Gabe Giardina

Current position
- Title: Head coach
- Team: Charleston Southern
- Conference: OVC–Big South
- Record: 10–26

Playing career
- 2000–2003: Alabama
- Positions: Placekicker, holder

Coaching career (HC unless noted)
- 2004: Alabama (SA)
- 2005–2007: Alabama (GA)
- 2008–2011: Charleston Southern (ST/RB)
- 2012: Delta State (OC/WR)
- 2013–2016: Charleston Southern (OC)
- 2017–2022: Albany State
- 2023–present: Charleston Southern

Head coaching record
- Overall: 47–43
- Tournaments: 0–1 (NCAA D-II playoffs)

Accomplishments and honors

Championships
- 1 SIAC (2021) 3 SIAC East Division (2018–2019, 2021)

= Gabe Giardina =

American football coach and player

Gabe Giardina is an American football coach and former player who is currently the head coach for the Charleston Southern Buccaneers. He played college football at Alabama and had previously coached there, at Delta State and at Albany State.
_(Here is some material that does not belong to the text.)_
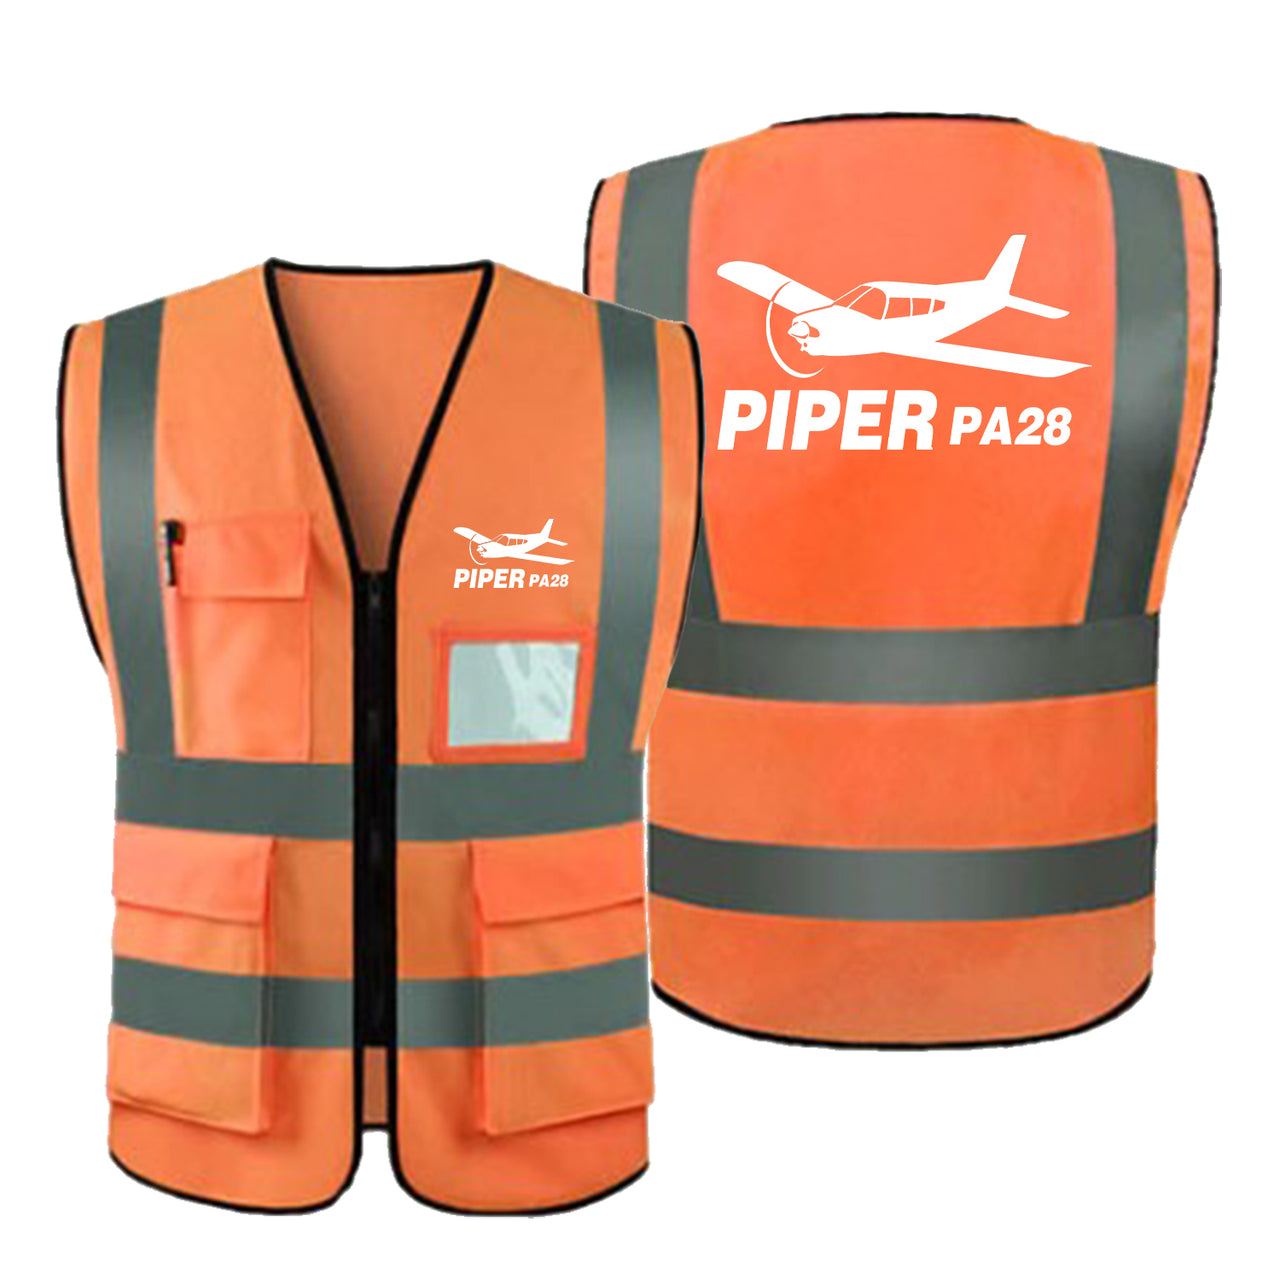 The Piper PA28 Designed Reflective Vests

==Early life and education==
Giardina attended State College Area High School in Pennsylvania for a year, then Penns Valley Area High School for two years, before spending one year at DuPont High School in West Virginia and one at The Kiski School. He enrolled at the University of Alabama in 2000 and was a walk-on member of their football team, playing placekicker and holder. He was named Academic All-Southeastern Conference (SEC) as a senior in 2003 and appeared in nine games. ESPN commentator Chris Fowler described Giardina as "Alabama's answer to Rudy."

==Coaching career==
Giardina began a coaching career in 2004 after graduating from Alabama, working as a student coach for free. He was promoted to graduate assistant in 2005. He served through 2007 in that position under coaches Mike Shula and Nick Saban. Giardina began serving as running backs coach and special teams coach at Charleston Southern in 2008, where he served through 2011.

In 2012, Giardina served as offensive coordinator and wide receivers coach at Delta State. The following year, he returned to Charleston Southern as offensive coordinator. In four seasons, Giardina helped the school win 36 games, one conference championship and reach the playoffs twice.
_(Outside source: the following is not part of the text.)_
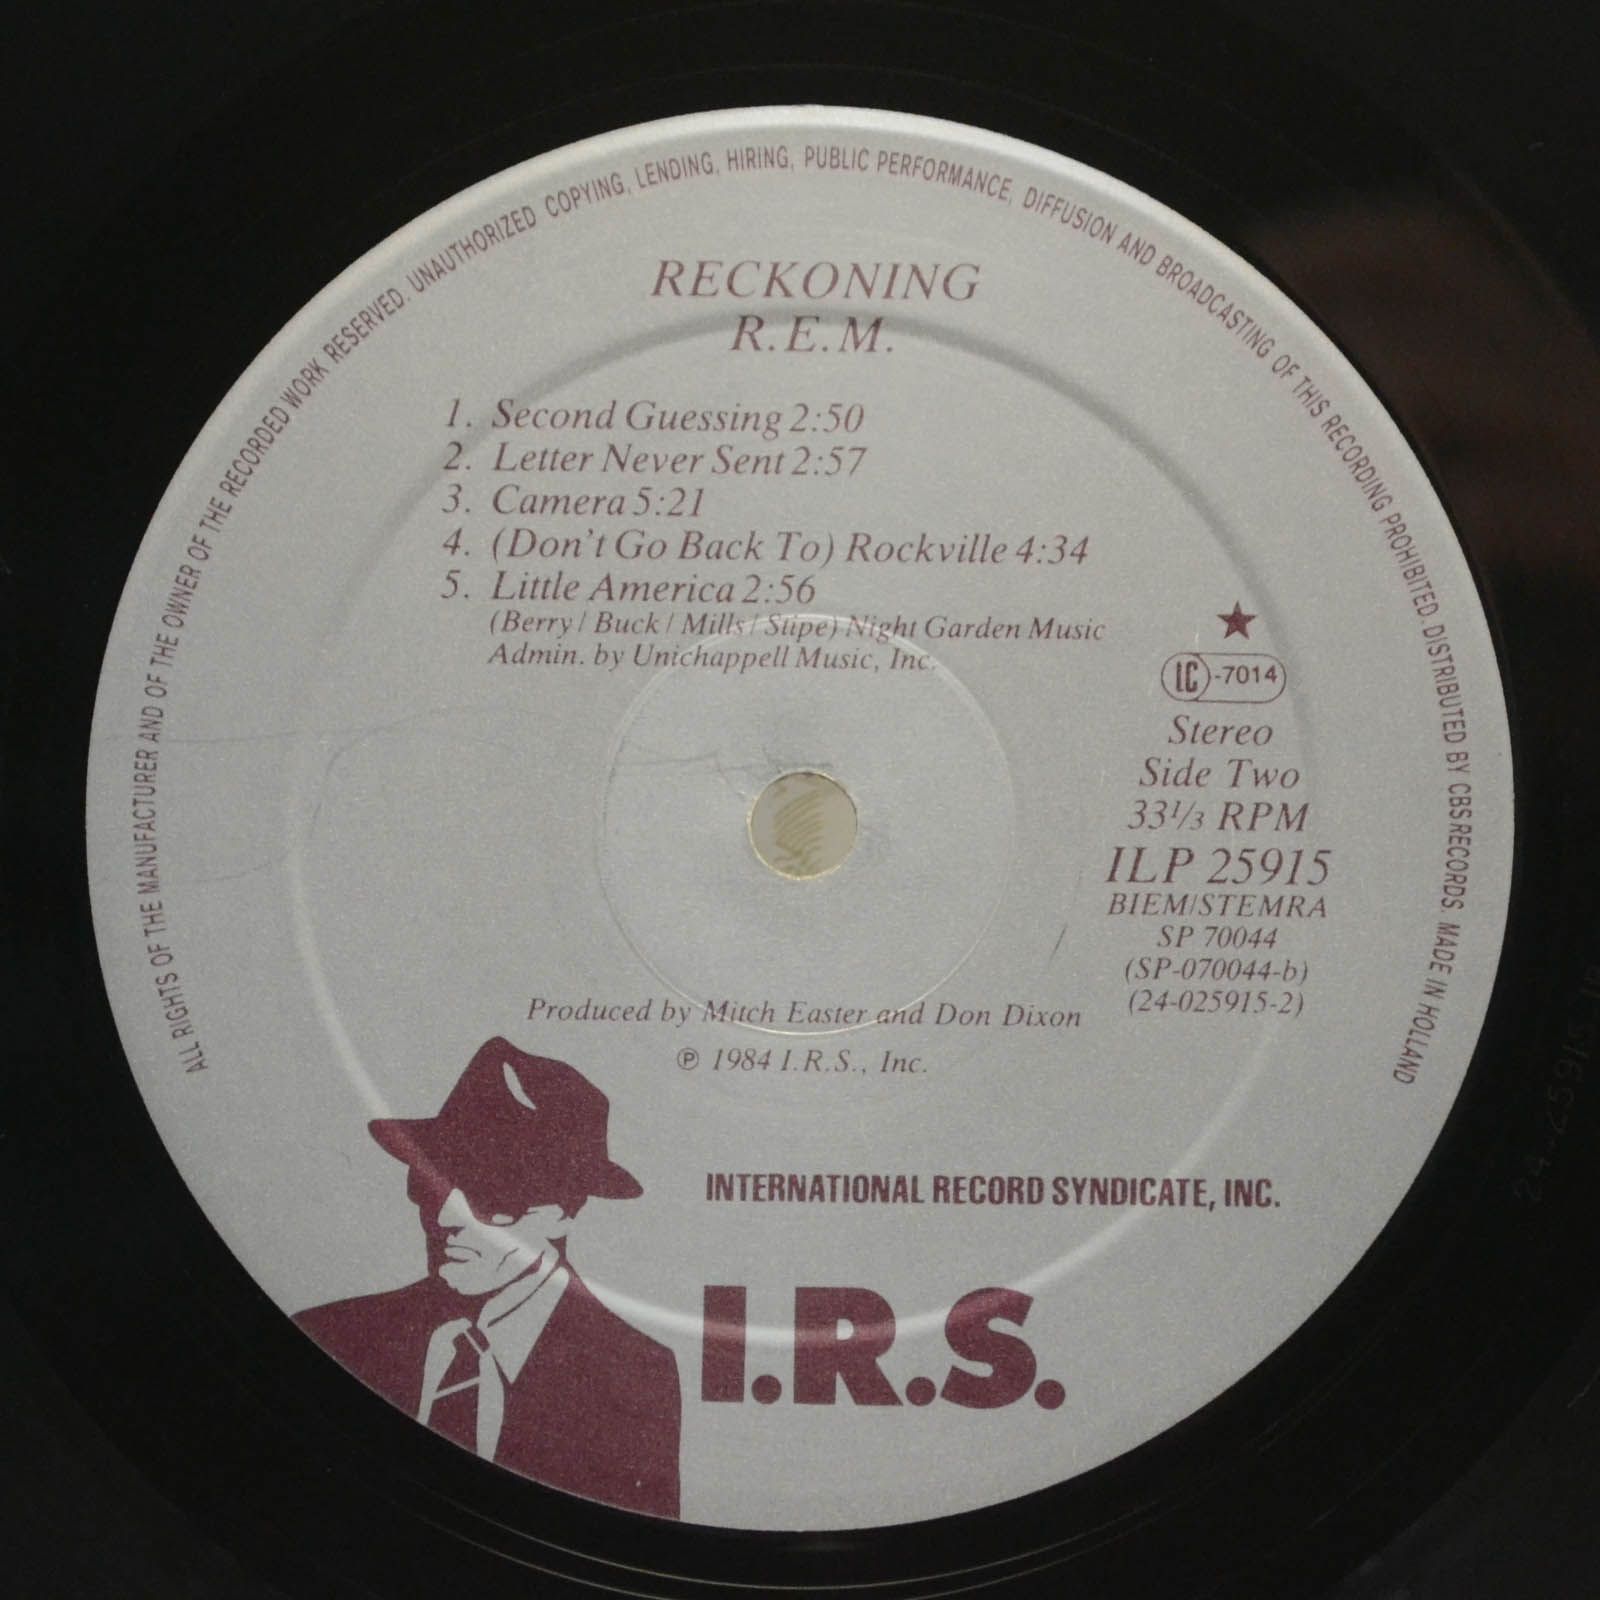 R.E.M. — Reckoning, 1984

Giardina was named the head coach at Albany State, an NCAA Division II program, in 2017. In his first season as head coach, he led them to a 6–4 record, including a win in the Fountain City Classic. They improved to 7–4 in 2018, including a perfect 6–0 conference record, before eventually losing the SIAC championship to Miles. Albany State again went 7–4 in Giardina's third year, before again going down to Miles in the championship. After not playing in 2020, Albany State won ten games in 2021, including the conference championship, reaching the playoffs where they lost to West Georgia.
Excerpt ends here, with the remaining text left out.